Die Deckenlampe warf ein grelles Licht auf die Medikamente, aber ich sah nur, wie wir uns küssten, stöhnten und uns tiefe Stöße versetzten. Und saß regungslos da. Irgendwie schaffte es die Abenddämmerung aber doch noch in den fensterlosen Flur, die Erinnerung daran, wie schön die Welt draußen jetzt sein musste, in Rot getaucht. Draußen war das Leben schön, und hier standen Medikamente. Ich saß wie betäubt ohne Schuhe und Jacke auf dem Pappstuhl und mein halbsteifer Schwanz drückte gegen meine frisch rasierten Eier. Und hatte zugleich Angst.

Ich war seiner Stimme am Telefon gefolgt, hatte Bier gekauft, wollte trinken, pissen, ficken, ihn küssen, hatte eben noch in den Sonnenstrahlen draußen das pralle Leben gespürt, prall wie mein Arsch, meine Schenkel und Lippen.

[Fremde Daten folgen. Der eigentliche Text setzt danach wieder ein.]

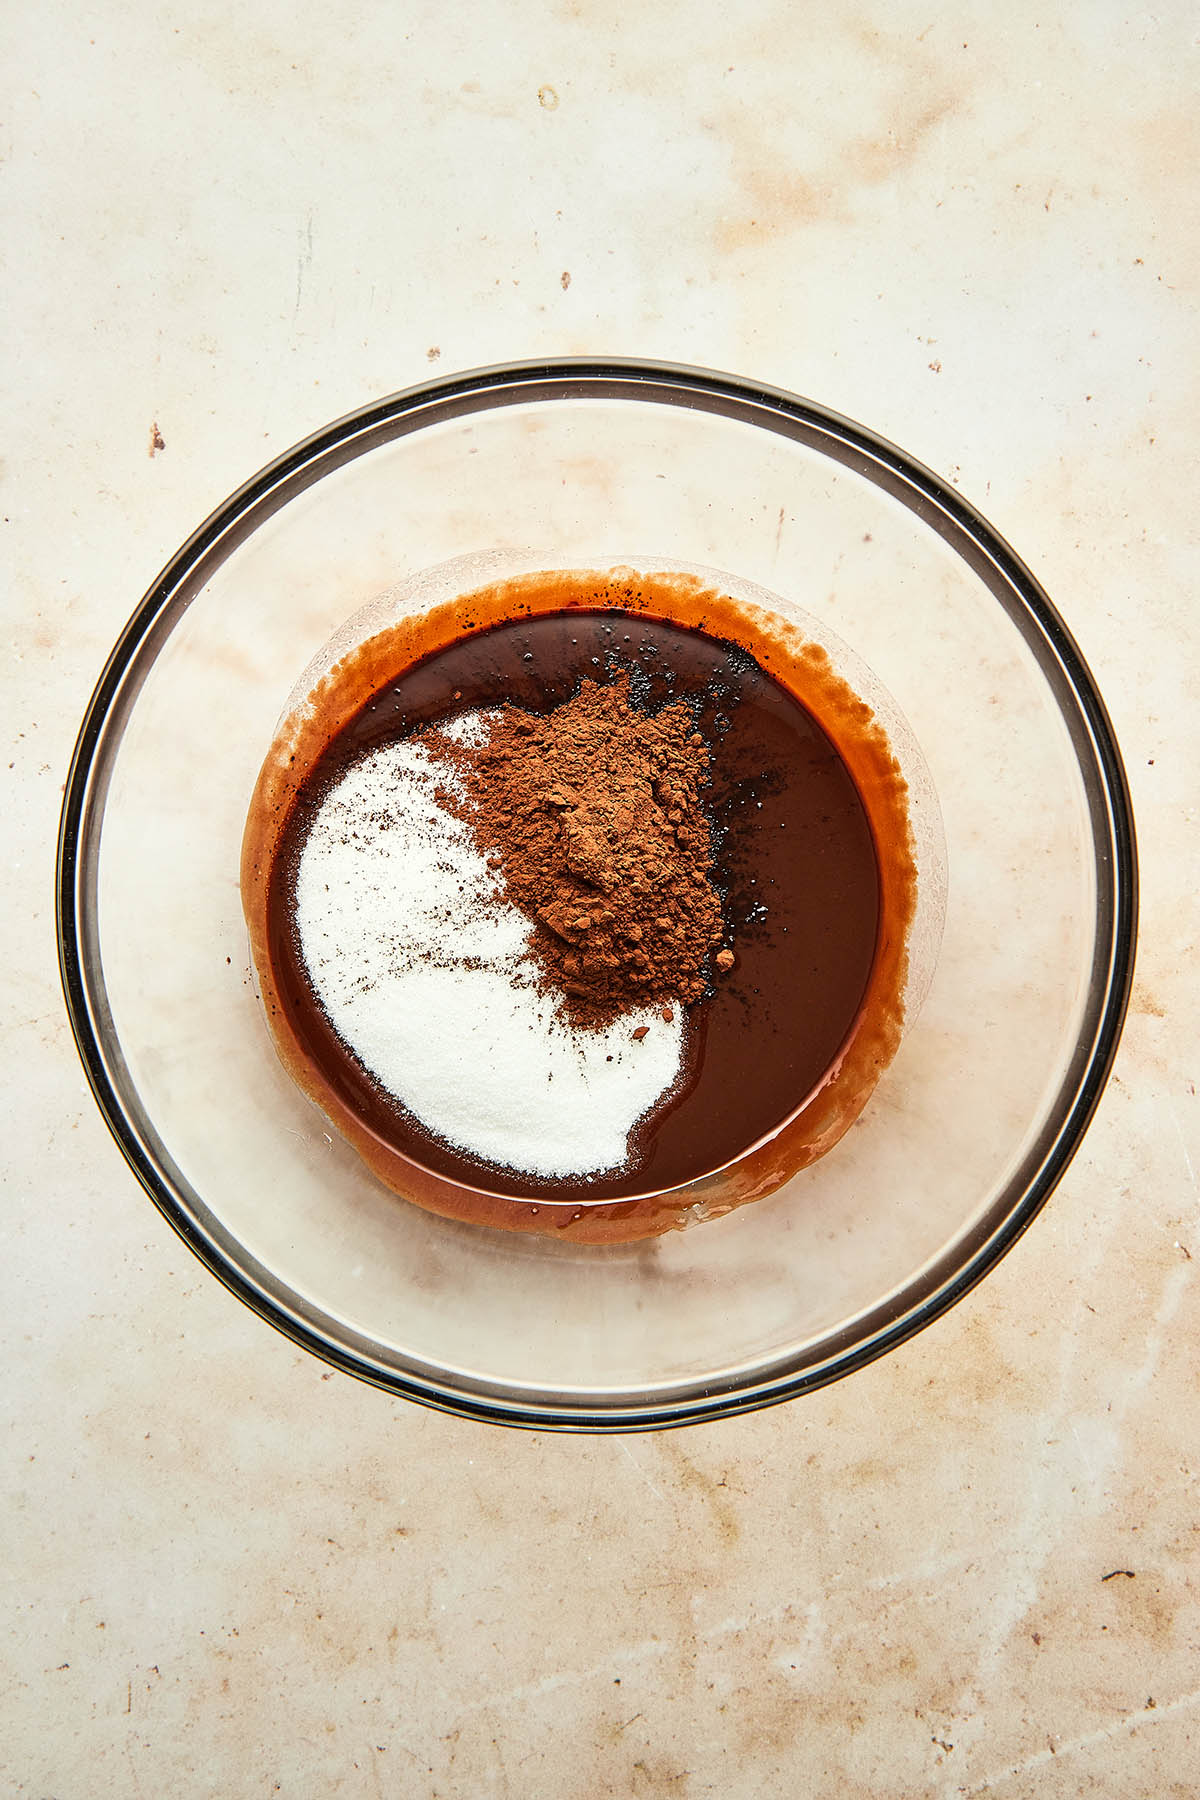 Melted chocolate, sugar, and cocoa in a large glass mixing bowl.

Der Abendhimmel drang zwar weiter vor, aber alles, was ihm gelang, war, meinen Phantasien einen Rotstich zu versetzen, von dem zwei-, dreimaligem Spermaschwall, den dieser Mann und ich abspritzten. Auf die Pappstühle. Es rann zäh und langsam über die hellen und dunklen Pappschichten. Und wir leckten es, die Stuhlbeine hinauf, über die Sitzflächen, die Lehnen hinab. Lecker!

„Ich muss mal ins Bad“, sagte er und verschwand.

Da saß ich, allein, in einem Flur voller Bierdosen, Pappstühle, Medikamente und ohne Fenster.

Geh jetzt, sagte ich zu mir. Ich hörte es ganz deutlich: Geh jetzt.

Ich hätte Schuhe und Jacke anziehen und gleich gehen können. Ich hätte Schuhe und Jacke anziehen, mich, sobald er aus dem Bad zurückkam, von ihm verabschieden und dann gehen können. Stattdessen blieb ich auf dem Pappstuhl sitzen.

Schluckst du?

Nein!

Er kam aus dem Bad und fragte: „Gehen wir nach nebenan?“

Und wortlos ging ich mit ihm nach nebenan.